Ziping Zhao(Tianjin Normal University), Qifei Li(Tianjin Normal University), Nicholas Cummins(University of Augsburg), Bin Liu(National Laboratory of Pattern Recognition, CASIA, Beijing), Haishuai Wang(Tianjin Normal University), Jianhua Tao(National Laboratory of Pattern Recognition, Institute of Automation, Chinese Academy of Sciences) and Björn Schuller(University of Augsburg / Imperial College London)
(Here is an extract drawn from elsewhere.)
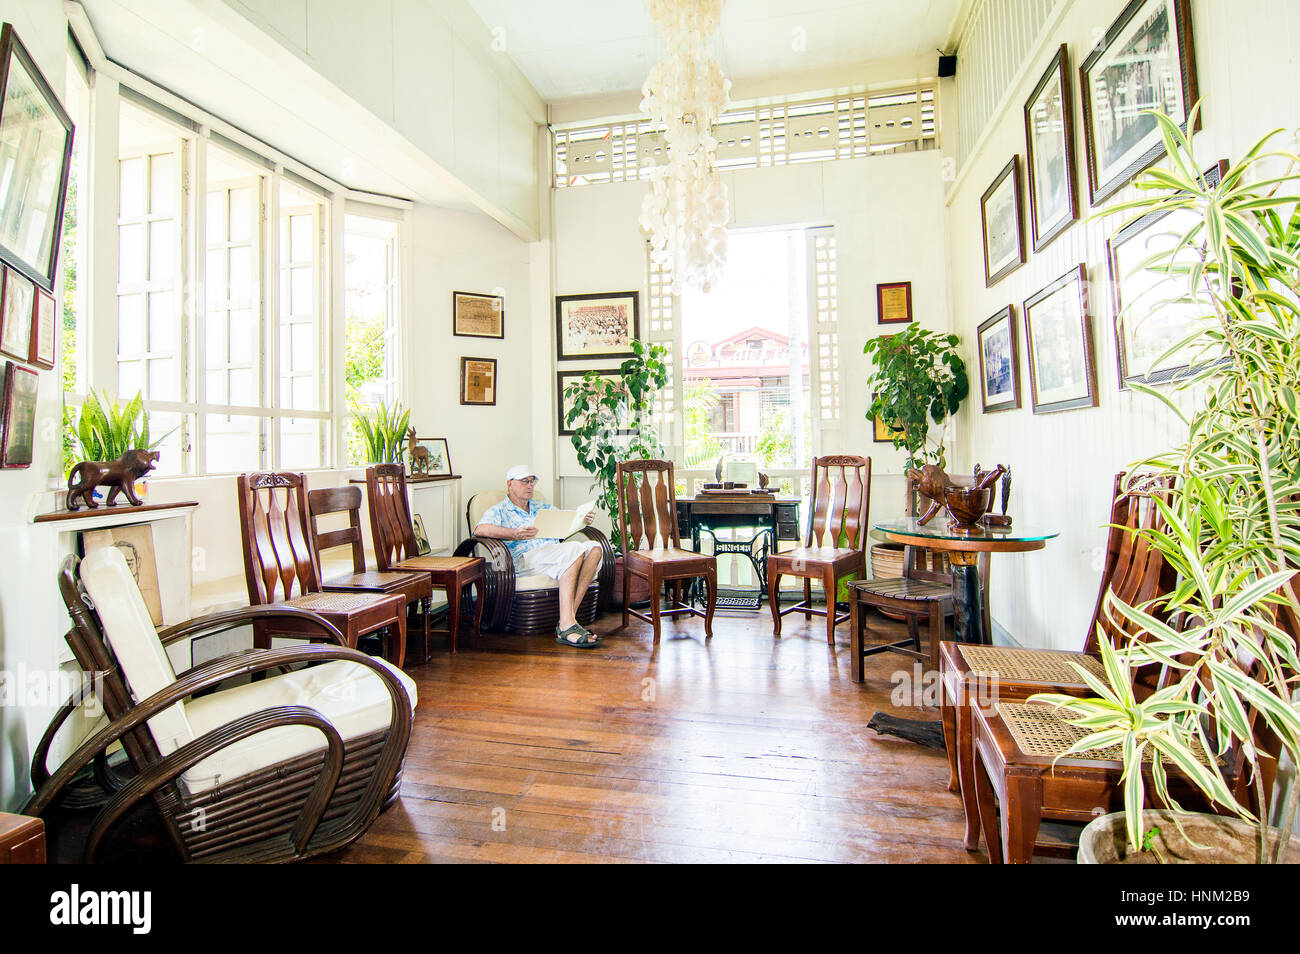 Delightful Veranda, Oboza Heritage House, Rizal Street, Davao, Davao Del Sur,  Philippines

A fast-growing area of mental health research is the search for speech-based objective markers for conditions such as depression. One vital challenge in the development of speech-based depression severity assessment systems is the extraction of depression-relevant features from speech signals. In order to deliver more comprehensive feature representation, we herein explore the benefits of a hybrid network that encodes depression-related characteristics in speech for the task of depression severity
assessment. The proposed network leverages self-attention networks (SAN) trained on low-level acoustic features and deep convolutional neural networks (DCNN) trained on 3D Log-Mel spectrograms. The feature representations learnt in the SAN and DCNN are concatenated and average pooling is exploited to aggregate complementary segment-level features. Finally, support vector regression is applied to predict a speaker’s Beck Depression Inventory-II score. Experiments based on a subset of
the Audio-Visual Depressive Language Corpus, as used in the 2013 and 2014 Audio/Visual Emotion Challenges, demonstrate the effectiveness of our proposed hybrid approach.